Deux mois plus tard, le groupe recevait une subvention (pas un prêt mais une subvention) des contribuables américains pour subventionner la mise au point de vaccins à but lucratif. (L’entreprise insiste sur le fait qu’il n’y a pas eu de contrepartie. Mais recevoir 1,2 Md$ sur le champ en échange d’une promesse d’investissement de 1 Md$ sur les dix prochaines années ressemble franchement à une bonne affaire.)

Puis un effet sur la productivité

Le capitalisme woke détourne également l’attention des problèmes créés par certaines entreprises. Par exemple, Coca-Cola prodigue désormais des formations de lutte contre le racisme à ses employés. Dans le même temps, les produits du groupe alimentent l’obésité, le diabète et les maladies cardiaques dans les communautés noires.

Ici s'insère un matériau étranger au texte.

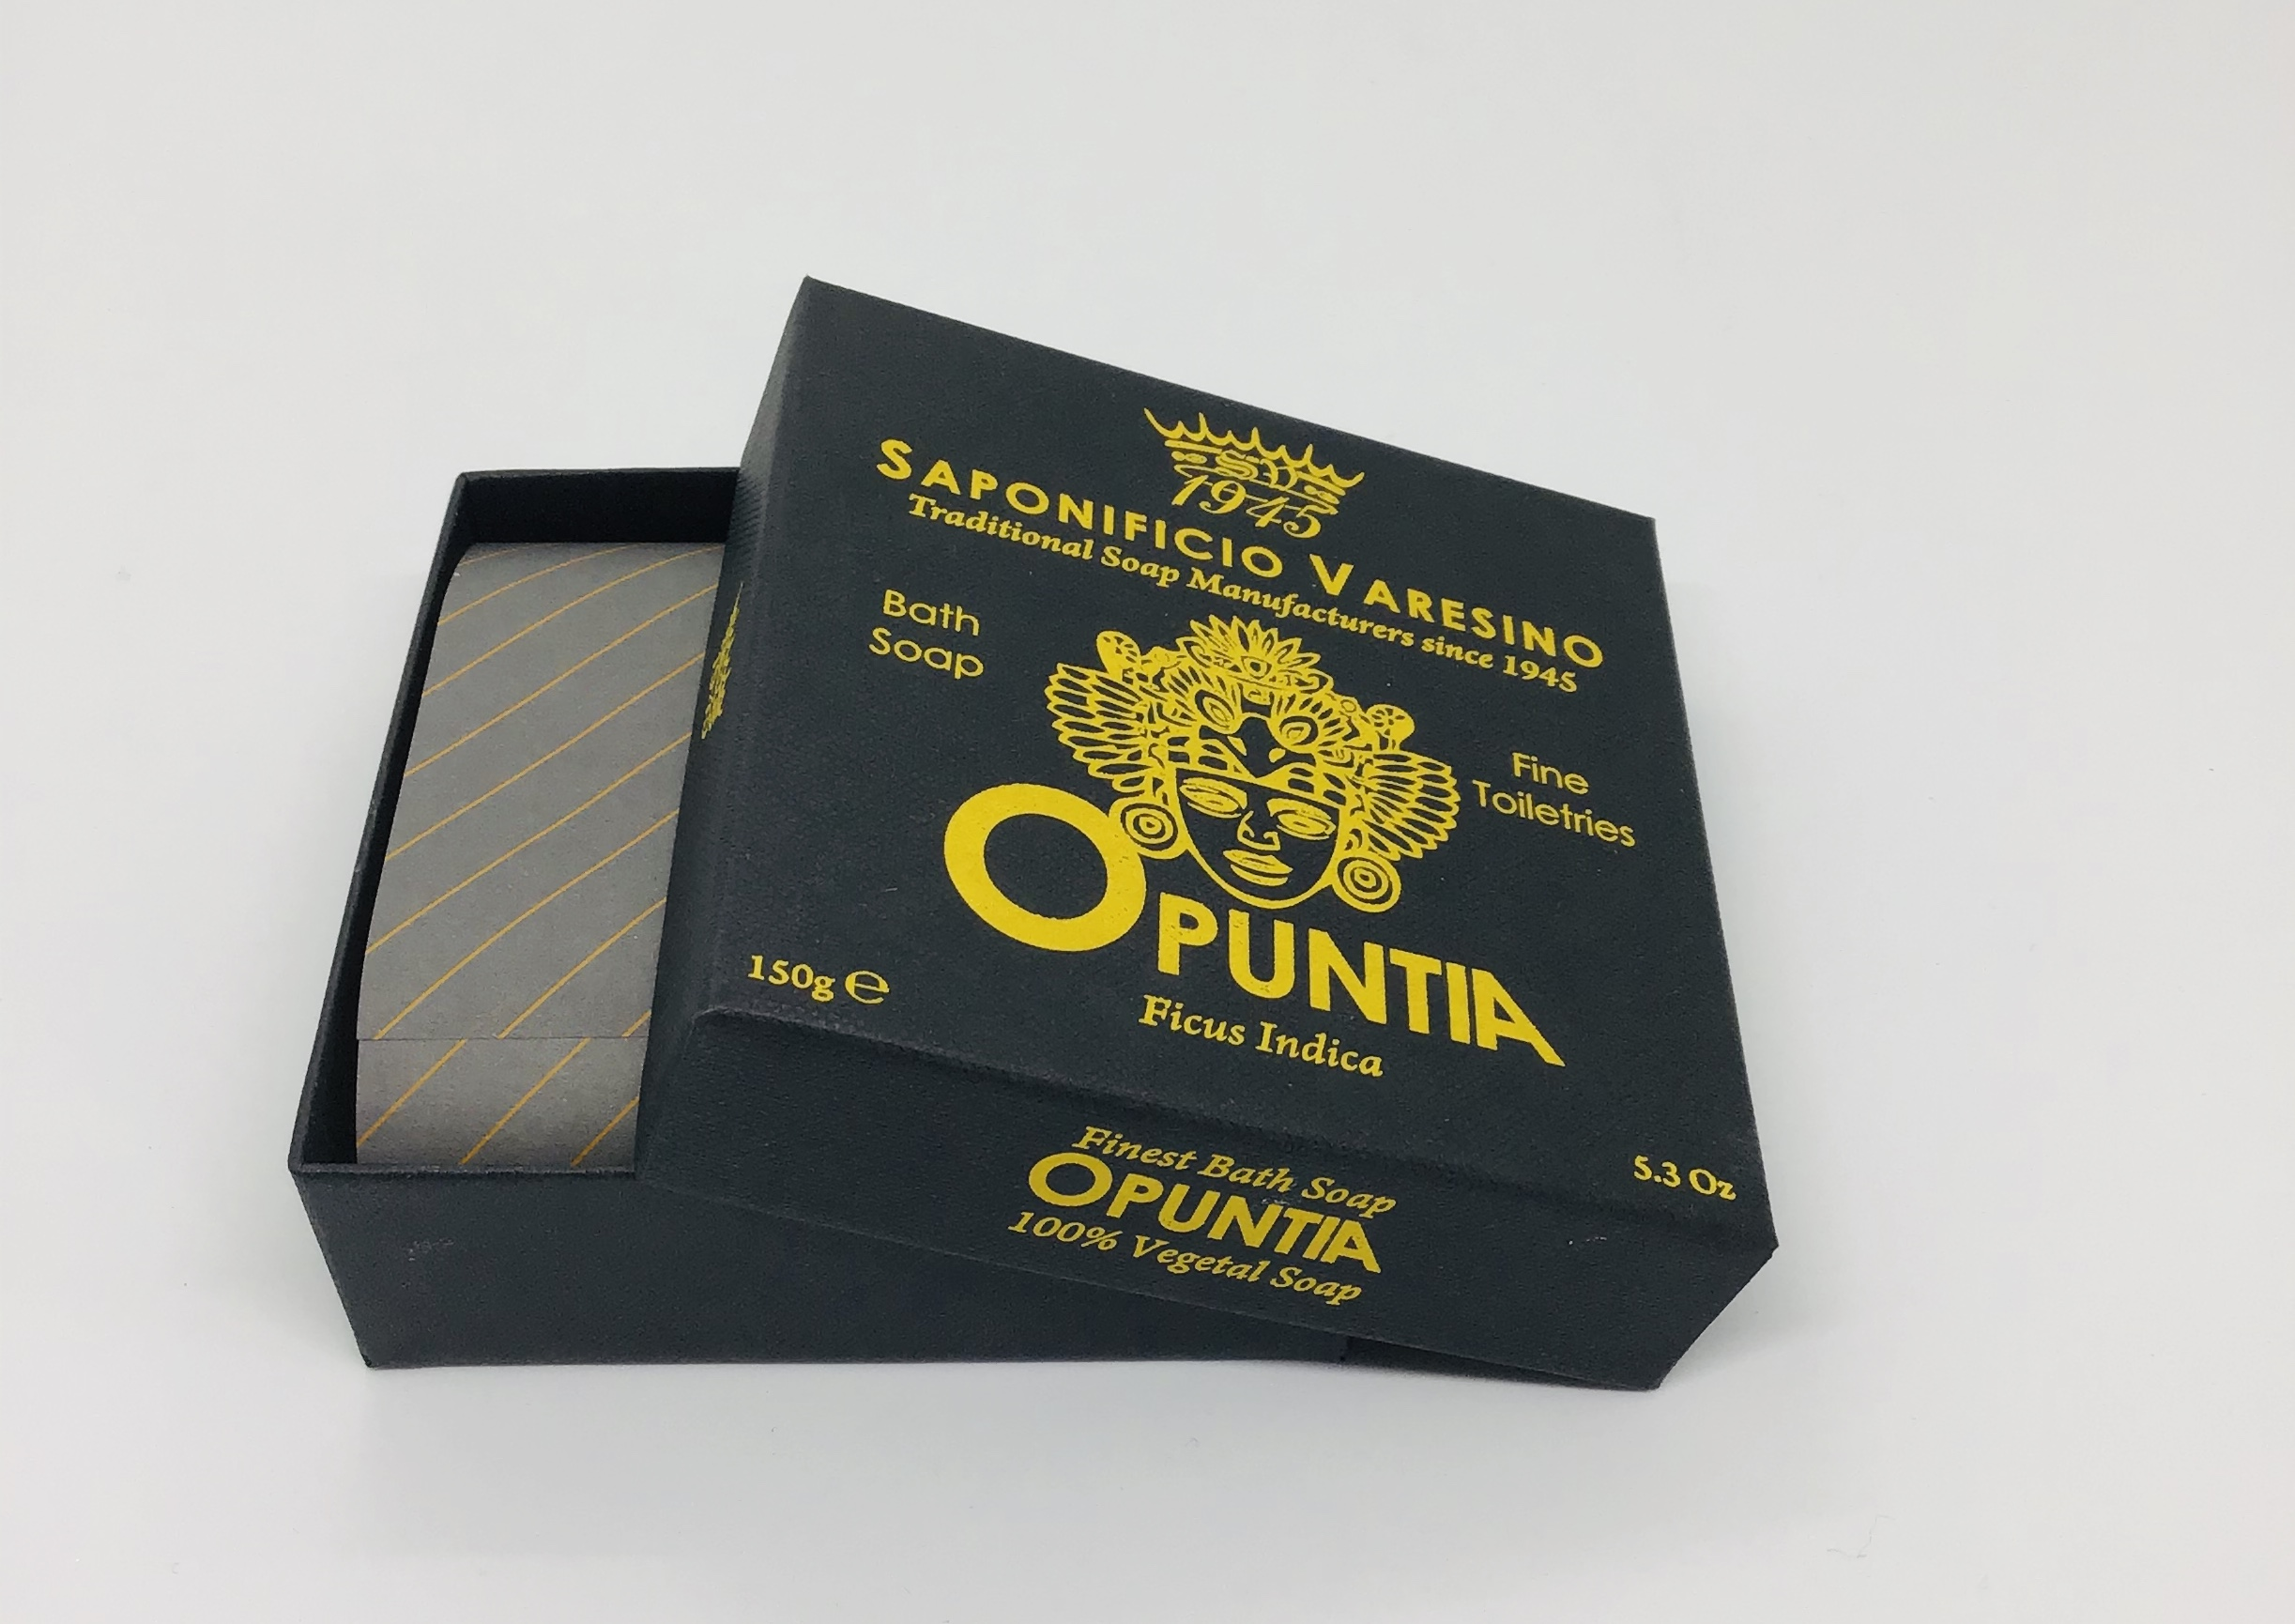 Dolomiti /opuntia bath soap

Nike a embauché le joueur de football américain Colin Kaepernick, qui veut promouvoir la « justice sociale ». Pourtant, l’entreprise fabrique ses chaussures dans des ateliers clandestins à l’étranger et les vend à des prix inaccessibles aux enfants de banlieue.

De nombreuses grandes entreprises ont endossé le rôle de gouvernements progressistes.

Non seulement cela plombe les entreprises et leurs cours de Bourse, mais cela contribue également à polariser le paysage politique.

Les dirigeants d’entreprise sont censés prendre des décisions concernant les dépenses de recherche et développement, la publicité et la sous-traitance. Ce n’est pas à eux de décider si un salaire minimum plus élevé vaut mieux que le plein emploi. Ce n’est pas eux de décider s’il vaut mieux réduire l’empreinte carbone du pays ou réduire les coûts énergétiques de leurs entreprises.

Les dirigeants d’entreprise sont également des citoyens, bien entendu. Et ils ont tout à fait le droit de prendre la parole à titre personnel. Mais c’est autre chose d’utiliser les entreprises cotées en Bourse qu’ils dirigent pour promouvoir leurs opinions politiques personnelles.

Pour revenir au nœud du problème, les entreprises, comme les individus, n’ont pas besoin de recourir à la vertu ostentatoire. Après tout, elles jouent déjà des rôles essentiels. Elles se battent corps et âme pour répondre à nos envies et à nos besoins. Elles créent des dizaines de millions d’emplois. Elles paient des milliards en impôts chaque année.

Et, surtout, elles offrent aux actionnaires d’excellents retours sur investissement sur le long terme.

Le capitalisme woke est idiot. Il est inefficace. Et il est inutile.